"Text" as a medium was generally listed linearly in presentation media before the days of the World Wide Web. This linearity meant that the text had to be read in a way equivalent to a papyrus scroll or in a book "page by page", in sequence. In long texts of several hundred pages, this linearity was criticized because such a text consisted of many connected parts that were scattered throughout the text. These are barely connected in plein text, but can be recognized once it has been read cover to cover. In 1965, Ted Nelson had the idea of creating a non-linear knowledge database of unlimited size. His visions are the basis of current research on hypertext. When the desire to link individual hypertext projects globally emerged in the early 1990s, the World Wide Web was born. Currently hypertext is used strictly on computers, since they meet the requirements in an excellent way. Hypertext is typically created in HTML, the hypertext markup language.
In principle, highly structured books contain all the characteristics that are also found in hypertext: hierarchical structures (section and subchapter), link items (cross-references) and different approaches to information (content page, indexes). The difference is in the presentation. Despite its "hypertext properties" on the outside, a book has to be worked linearly page by page.
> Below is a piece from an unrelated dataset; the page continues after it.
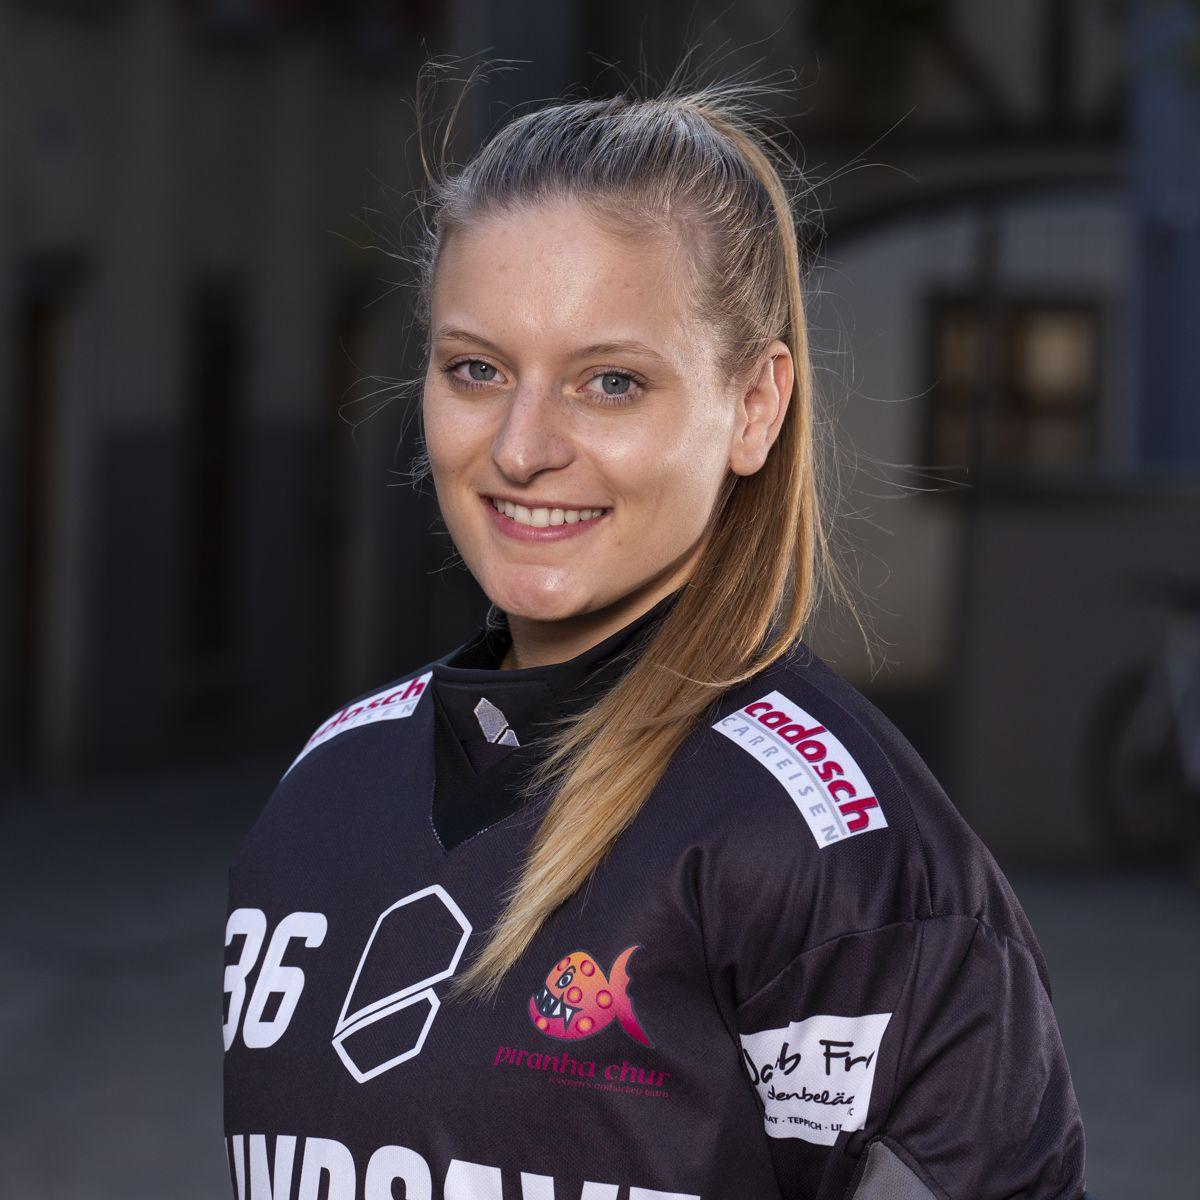 Corinne Waldburger #36_NLA_piranha Chur_Saison 2019-2020_1200x1200_01.jpg

The hypertext, which is presented on the screen, break this linearity and allows browsing of smaller, linked bits of information. In this way, it suggests that you should not read it from cover to cover. The hypertext is organized in such a way that the information is fragments into individual units, which is then intelligently networked.
Hypertext, hypermedia and multimedia
At the same time as pure information, hypertext also includes entertainment. This is mainly reflected in the visual media, such as images or videos. In this way, hypertext became hypermedia. Hypermedia are distinguished from multimedia because multimedia is "many media at once." Hypermedia, on the other hand, means "many media, but structured in a manner equivalent to hypertext." The prefix Hyper it means the particular way of dividing the information and connecting it sensibly. It consists of an attempt to avoid overstimulation generated by multimedia content.